N-Grams

Core N-Gram and Language Modeling Terms

N-Gram: A contiguous sequence of N items (typically words or tokens) from a given text. For example, "the cat" is a bigram (N=2).

Unigram: An N-Gram where N=1; a single word or token.

Bigram: An N-Gram where N=2; a sequence of two consecutive words or tokens.

Trigram: An N-Gram where N=3; a sequence of three consecutive words or tokens.

Markov Assumption: The simplifying assumption that the probability of a word depends only on the previous (N-1) words, not the entire sentence history.

Language Model: A statistical model that assigns probabilities to sequences of words, often using N-Gram statistics.

Corpus: A large and structured set of texts used for building N-Gram models.

Probability Table (N-Gram Table): A lookup table containing the probabilities or counts of N-Gram sequences in a corpus.

Smoothing: Techniques used to handle zero probabilities for unseen N-Grams by assigning them small nonzero probabilities.

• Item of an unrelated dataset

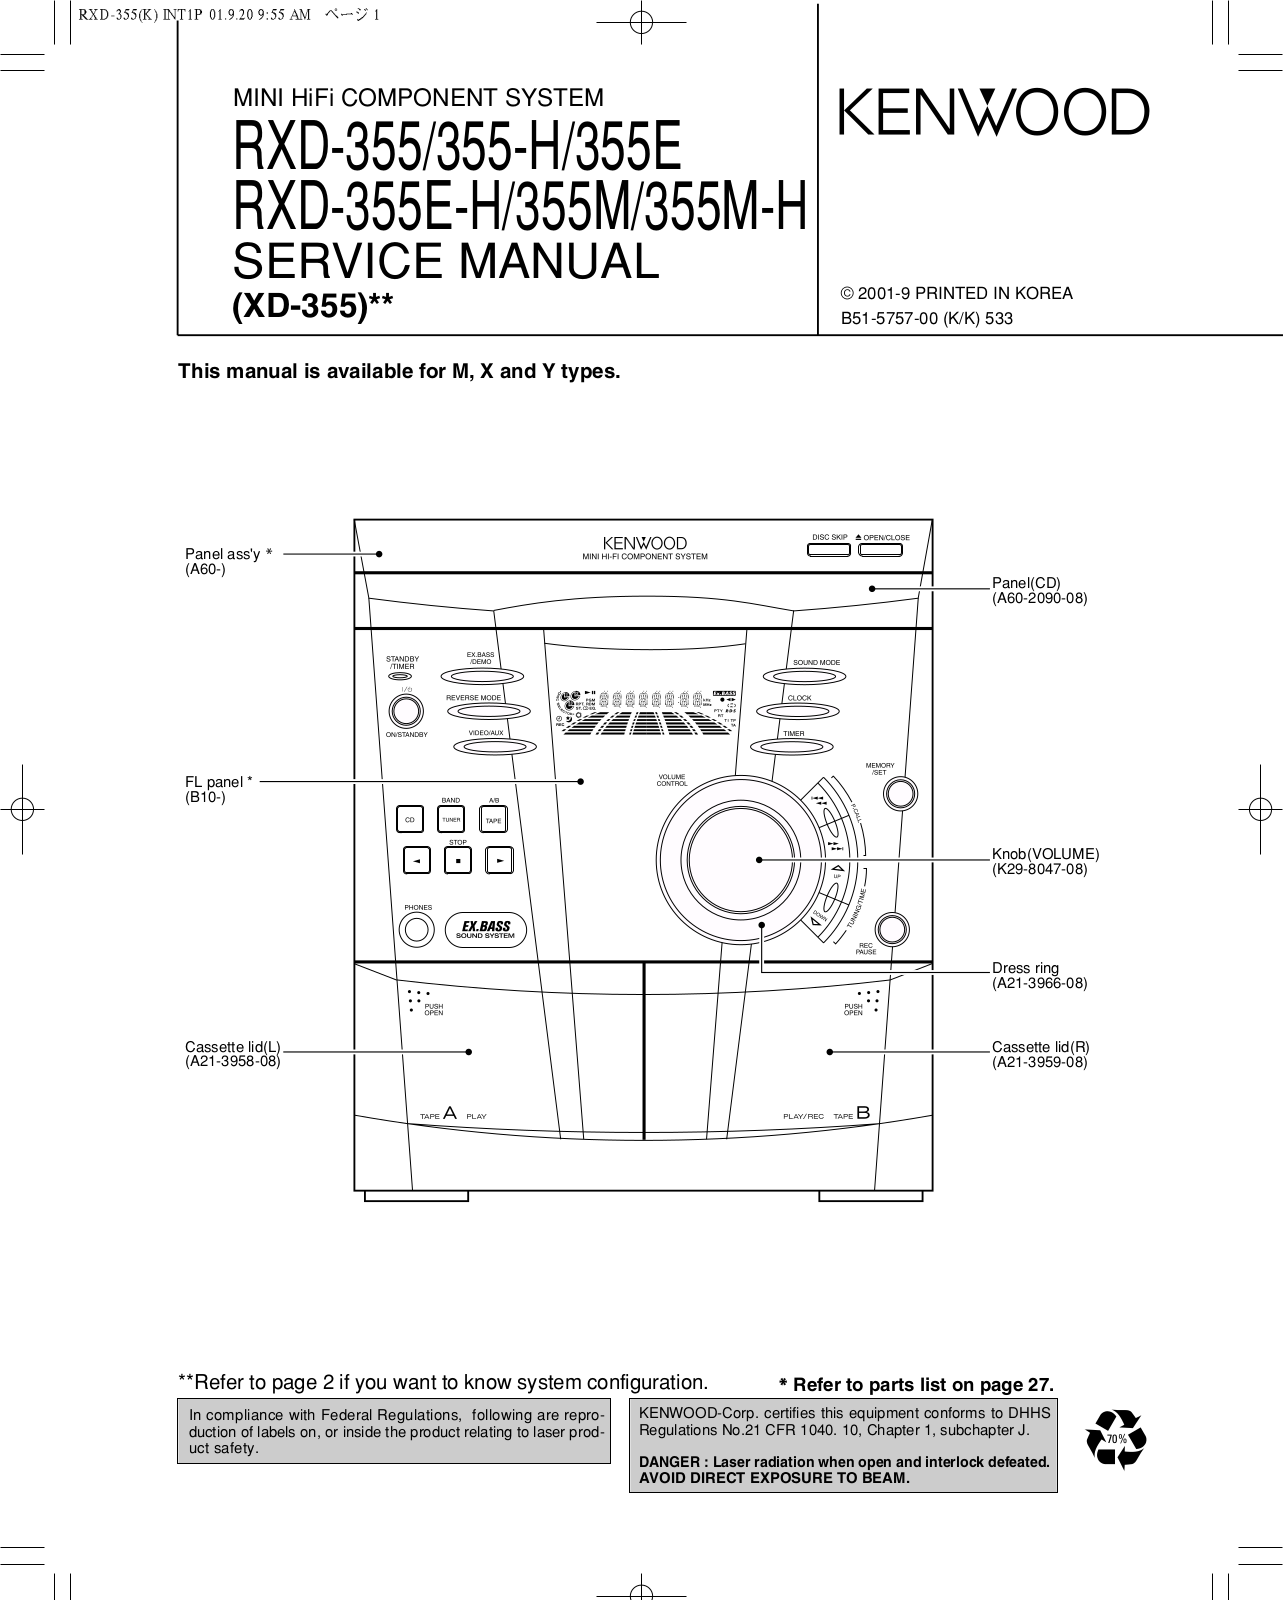 Kenwood RXD-355 Service manual

Data Sparsity: The problem that arises when many possible N-Grams do not appear in the training corpus, making probability estimation difficult.

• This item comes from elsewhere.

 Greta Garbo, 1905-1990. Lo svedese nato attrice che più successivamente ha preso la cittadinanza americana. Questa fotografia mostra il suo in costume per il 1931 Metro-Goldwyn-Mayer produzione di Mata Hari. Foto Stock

Context Window: The number of previous words considered when predicting the next word (N-1 for an N-Gram model).

Start/End Tokens: Special tokens (e.g., , , (eos)) used to mark the beginning and end of sentences in N-Gram modeling.

Chain Rule: A rule in probability theory used to decompose the probability of a sequence into conditional probabilities.

Smoothing Techniques: Methods like Laplace smoothing, Good-Turing discounting, and backoff models used to improve N-Gram probability estimates.